Krankenhaus Personalmangel, Überlastung, Bezahlung: Kann es sein, dass sich an den Arbeitsbedingungen im Gesundheitswesen durch Corona nichts ändert? Wie Beschäftigte die aktuelle Situation erleben

Führt die Mitte März in Kraft tretende einrichtungsbezogene Impfpflicht zu Personalausfällen an den Kliniken? Wer soll eine Corona-Prämie erhalten? Waren die Krankenhäuser in der Pandemie überlastet oder vielleicht doch nicht? Der öffentlichen Debatte, dem Großteil der Medien und der Politik zufolge sind dies die derzeit besonders relevanten Fragen.

„Verlogene Scheindebatten“, sagt Silvia Habekost dazu. Sie arbeitet seit mehr als 30 Jahren als Pflegekraft, heute in der Anästhesie bei Vivantes, einem der großen Klinikbetreiber in Berlin. Auf ihrer Station seien alle Kolleg*innen immunisiert, das Thema Impfpflicht spiele keine Rolle. Tatsächlich schwankt die Impfquote unter den Pflegekräften enorm: zwischen 92 Prozent in Rheinland-Pfalz und 66 Prozent in Sachsen. Habekost glaubt, eine allgemeine Impfpflicht, schon 2021 eingeführt, hätte helfen können. Die jetzige Diskussion aber empfindet sie als ärgerliche Ablenkung von den wesentlichen Themen. Die da wären, vor allem anderen: Entlastung. Es gebe zu wenig Personal, schon viel zu lange und schon lange vor der Pandemie. Trotz Corona, „Systemrelevanz“ und des Balkonapplauses im Frühjahr 2020 aber veränderte sich seitdem: nichts.
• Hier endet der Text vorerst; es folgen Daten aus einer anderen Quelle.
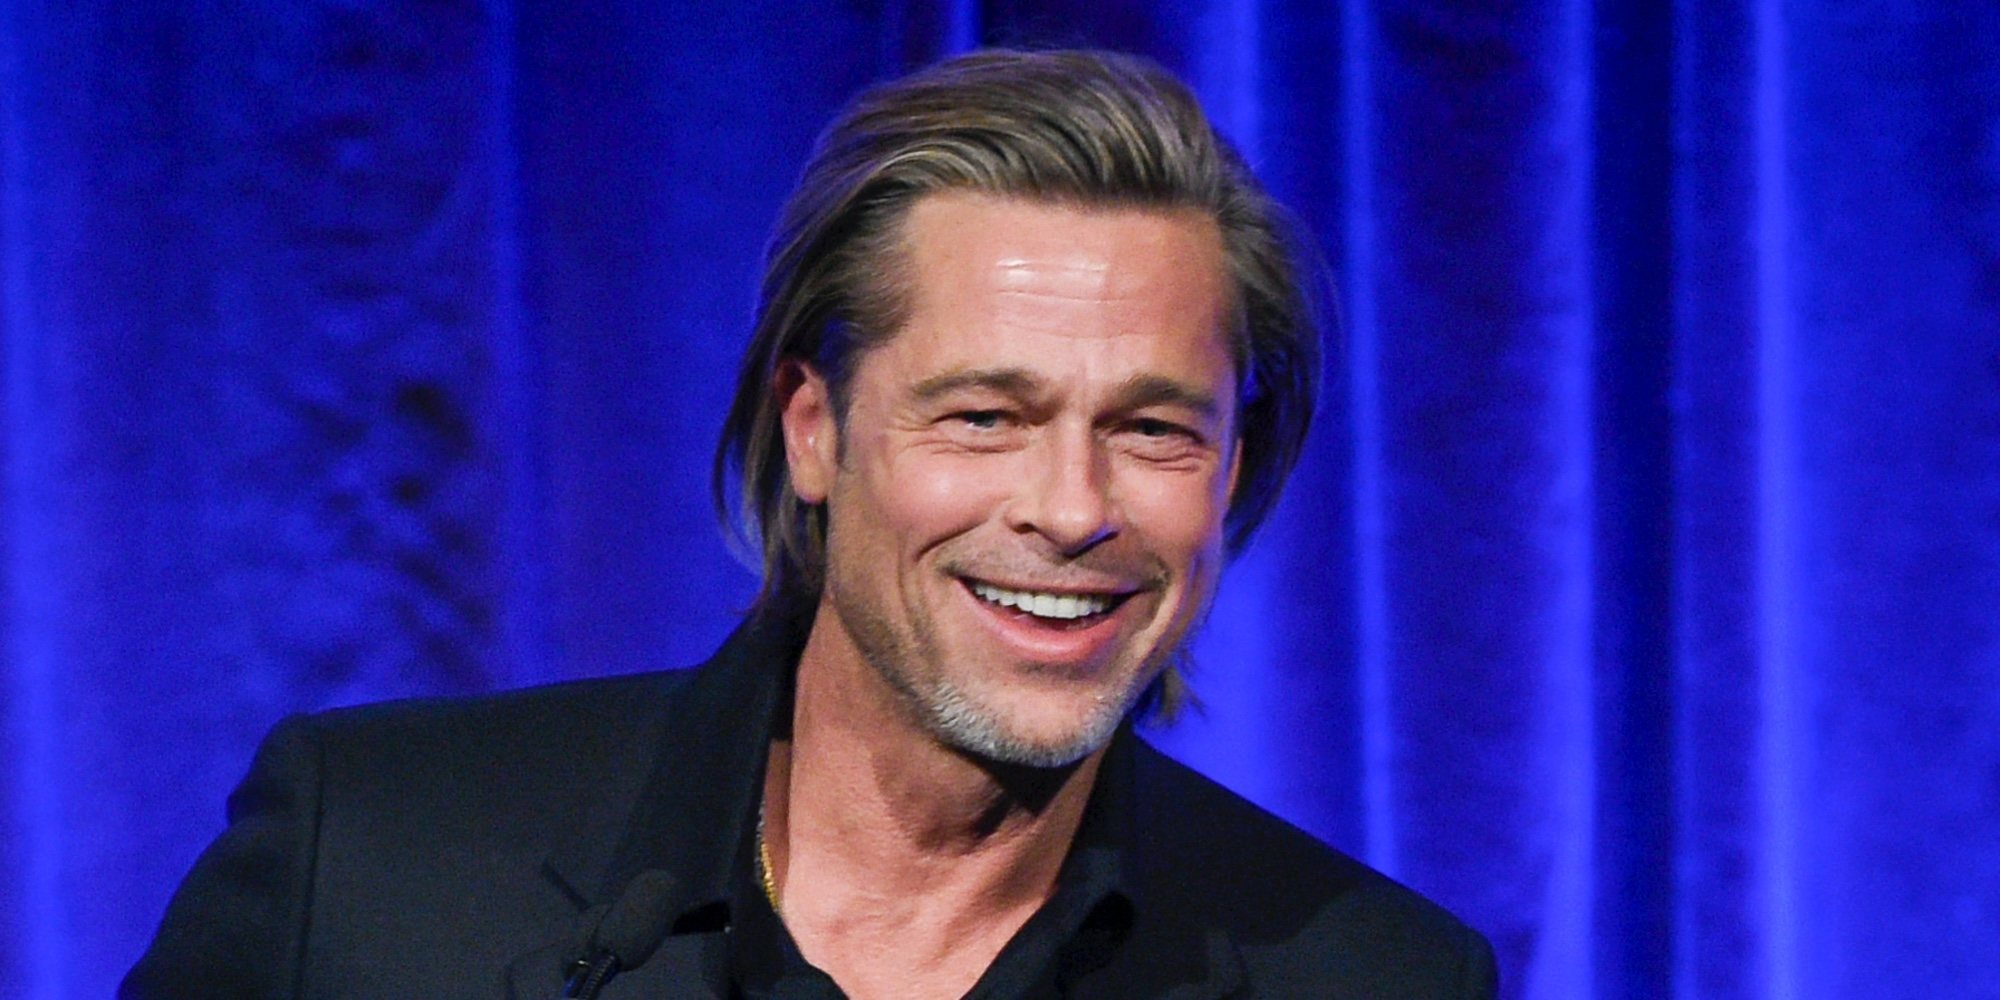 Brad Pitt agradece a Bradley Cooper que le ayudara a superar sus adicciones: "Estuve sobrio gracias a él"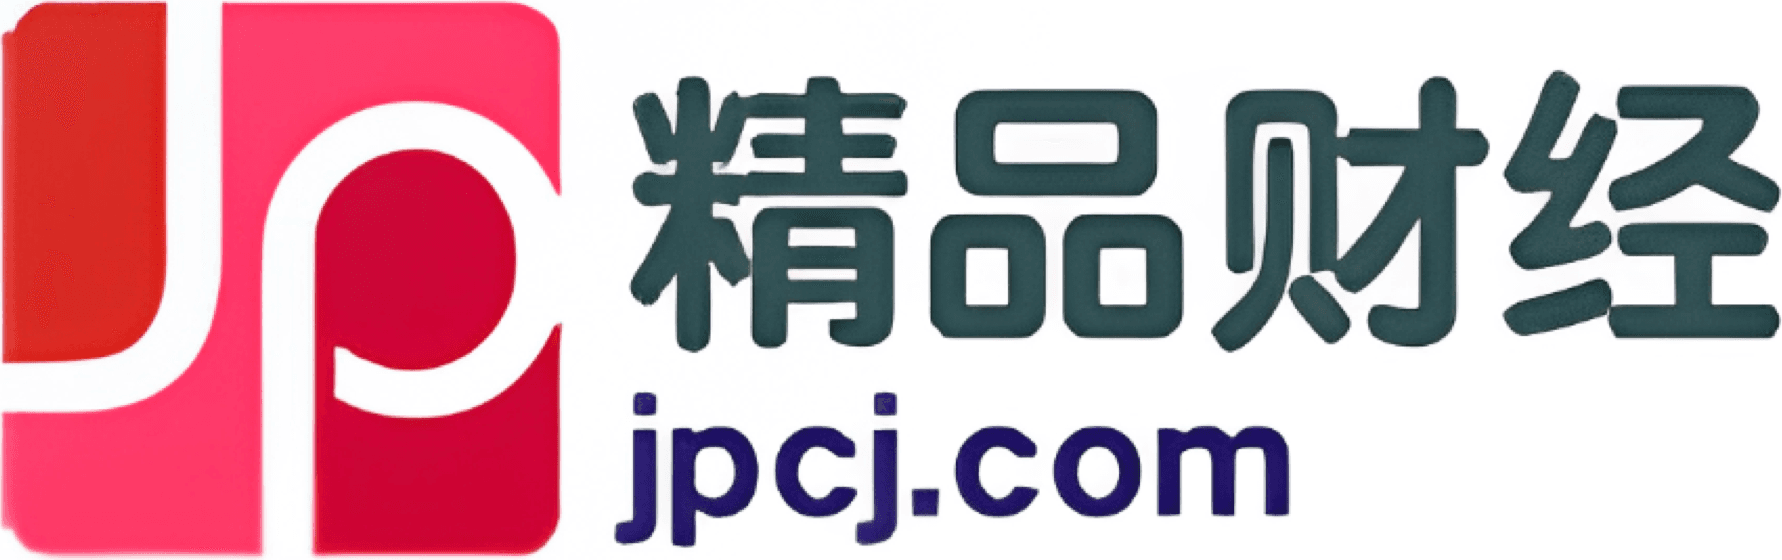 Jpcj.com

Die Politik habe nicht auf die Beschäftigten gehört, sagt Habekost. Und ärgert sich, zum Beispiel, über die Debatte um Corona-Prämien. „Wir wollen nicht nur Prämien, wir wollen grundsätzliche Aufwertung. Doch stattdessen gibt es dann auch noch Diskussionen darüber, wer die Prämien überhaupt kriegen soll.“ Vergangenes Jahr habe es die Möglichkeit für echte finanzielle Anerkennung gegeben – während der Tarifrunde der Länder. Aber da hieß es, es sei kein Geld für höhere Löhne da. Entsprechend ernüchtert ist die Stimmung unter den Kolleg*innen, wenn es um die Politik geht: „Das ist alles so verlogen und genau so kommt es bei uns auch an.“

Youtube und Sammlermünze

„Der Vertrauensverlust“ sei riesig: So beschreibt auch David Wetzel die Stimmung an seinem Arbeitsplatz. Er ist Pfleger auf einer Krebsstation in der anderen großen Hauptstadt-Klinik, der Charité. „In den letzten zwei Jahren gab es seitens der Bundesregierungen keine einzige Initiative, um das Krankenhauspersonal zu entlasten“, sagt er. Stattdessen die Youtube-Serie „Ehrenpflegas“ oder die Ankündigung einer Sammlermünze „Pflege“ als „Ausdruck des Respekts“. Solcher „Zynismus“ verstärke den Vertrauensverlust, so Wetzel. Er sieht es wie Habekost: Entscheidend sei Entlastung und bessere Bezahlung aller im Krankenhaus, nicht nur der Pflegenden. Hoffnung darauf, dass die Regierung reagiert, hat er aber nicht, auch nichtnach der Übernahme des Gesundheitsministeriums durch die SPD in der Ampel-Regierung. „Wir haben in der Pandemie gelernt: Wenn wir’s nicht selber machen, macht’s niemand“, sagt Wetzel.